The second type of error occurs at the data integration phase, during which findings are collated to develop diagnoses. Examples of errors in data integration include assigning the wrong weight or importance to a finding, using nondiscriminatory or normal findings to support a diagnosis, and over-reliance on laboratory results. Bordage identified several themes from his review of the literature on errors in data-gathering and data integration:
"Time alone does not lessen the incidence of certain errors; diagnostic errors can have important adverse consequences (e.g., delayed or inappropriate treatment, unnecessary investigations, complications, or patient anxiety); diagnosis rests on a few key discriminatory findings; and house officers are reluctant to show their thinking (p S140)."
He then elaborates on the underlying cognitive causes for faulty detection or triggering. These include having no previous instances to refer to, overestimating certain features, and having no mental representation of the problem.
Bordage recommends that "ICM courses should move away from teaching countless head-to-toe maneuvers (as many as 150) to impart a much smaller, more focused, and discriminating set of symptoms and signs (p S140)." He emphasizes the importance of practice and of creating a nonjudgmental and supportive atmosphere to decrease stress and future mistakes.
Williamson DM, Bejar II, Hone AS: ‘Mental model’ comparison of automated and human scoring. JEduc Meas 1999; 36:158—184
Williamson and his colleagues compared the ratings yielded by two different methods used to score the Architect Registration Examination (ARE). This examination consists of six multiple-choice modules and three simulations of architectural-design tasks, all of which are computer-administered.
A mental model approach was used to develop an automated scoring system for the design vignettes. The system involved rating each feature of the solution as Acceptable (A), Indeterminate (I), or Unacceptable (U). These features were grouped into blocks of criteria that were rated, and finally an overall evaluation for the vignette on the same three-point scale was derived.
The computer-generated scores for a total of 3,613 examinee performances across 15 vignettes were compared with those produced by two three-member panels of experienced graders. The two systems produced identical scores for 69% of the design solutions. There was a one-category disagreement for 17% (A—I or I—U), and a two-category disagreement (A—U) for 14%.
A subset of the pairs of scores that were discordant was reviewed by the human scorers. Of these 298 cases, there was perfect agreement for 43% after review. There remained a one-category disagreement for 28% of the solutions and a two-category disagreement for 30%. Six sources for these human—computer disagreements were identified: 1) subjective criteria; 2) objective criteria; 3) tolerances/weighting; 4) details; 5) examinee task interpretation; and 6) unjustified.

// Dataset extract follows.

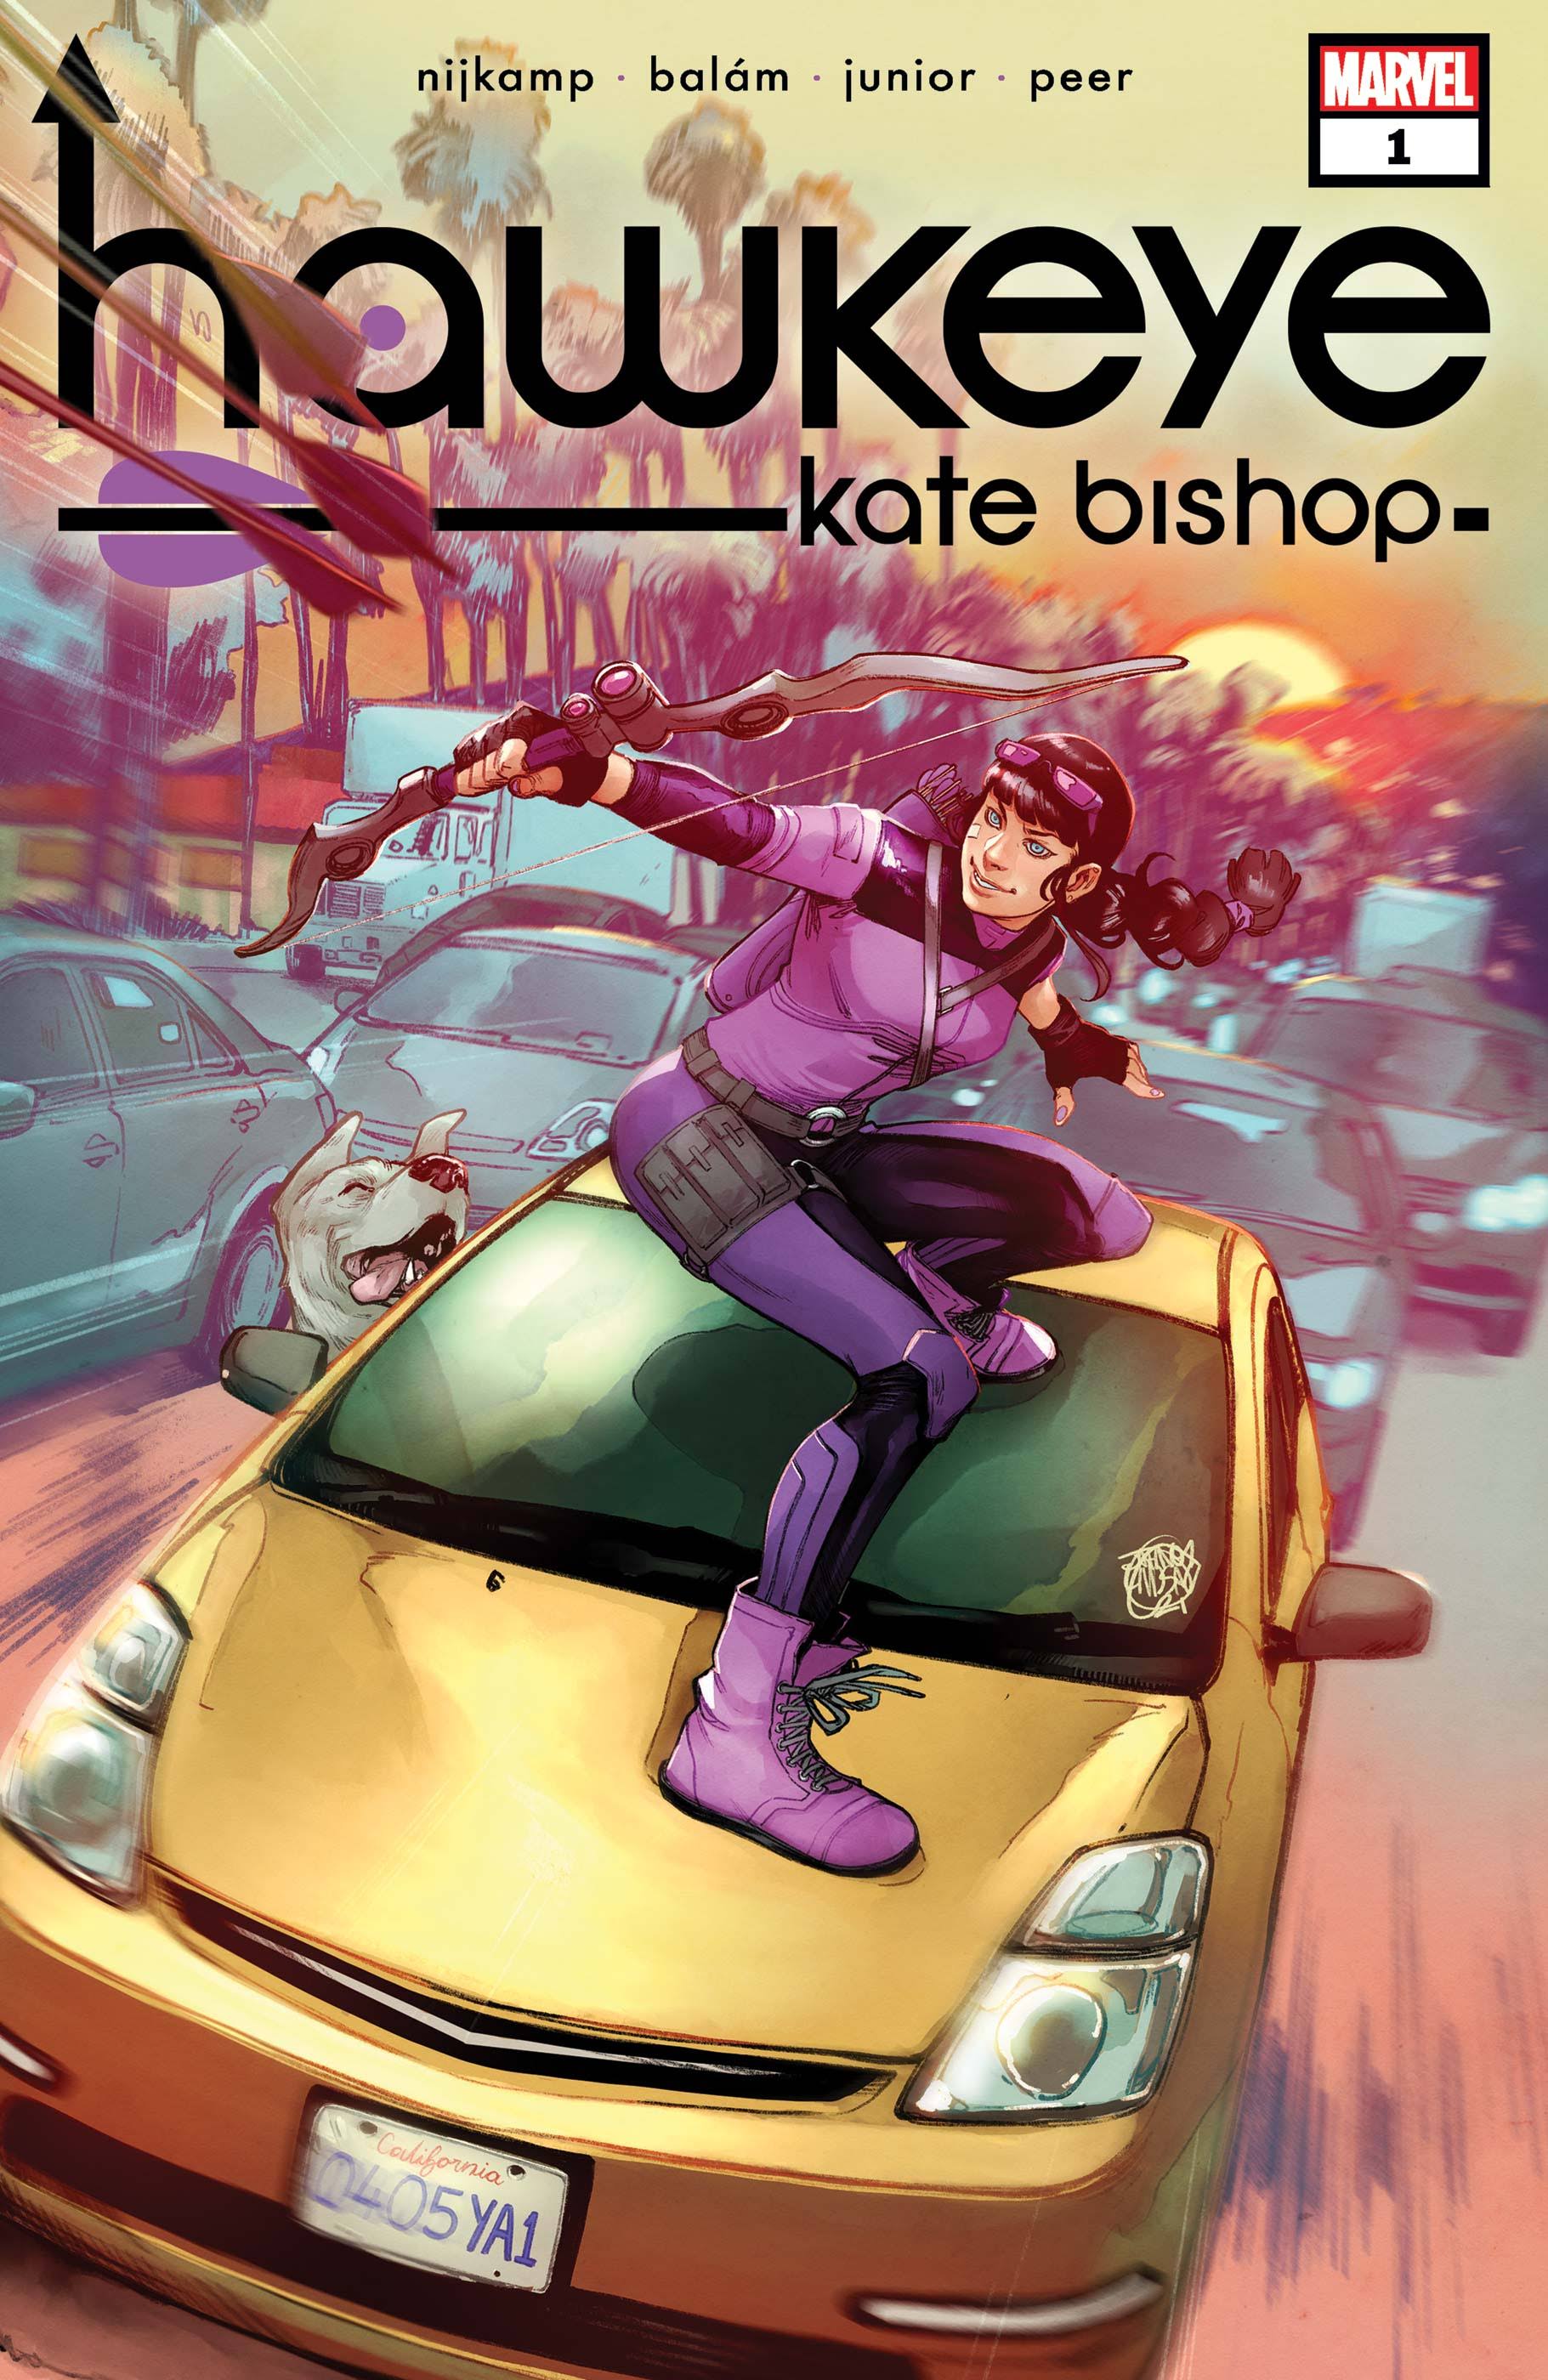 Hawkeye Kate Bishop by Marieke Nijkamp

The authors noted that, "The human graders found some types of automated scoring evidence to be incontrovertible while at other times they felt the human holistic scores captured solution nuances overlooked by the ‘mental model’ in automated scoring (p 177)."
They concluded that the automated scoring system sufficiently captures expert human judgment for it to be useful; furthermore, it has several advantages, including reproducibility, consistency, objectivity, reliability, and efficiency. These results are encouraging because they demonstrate that it is possible to develop automated scoring systems for complex, constructed-response test items.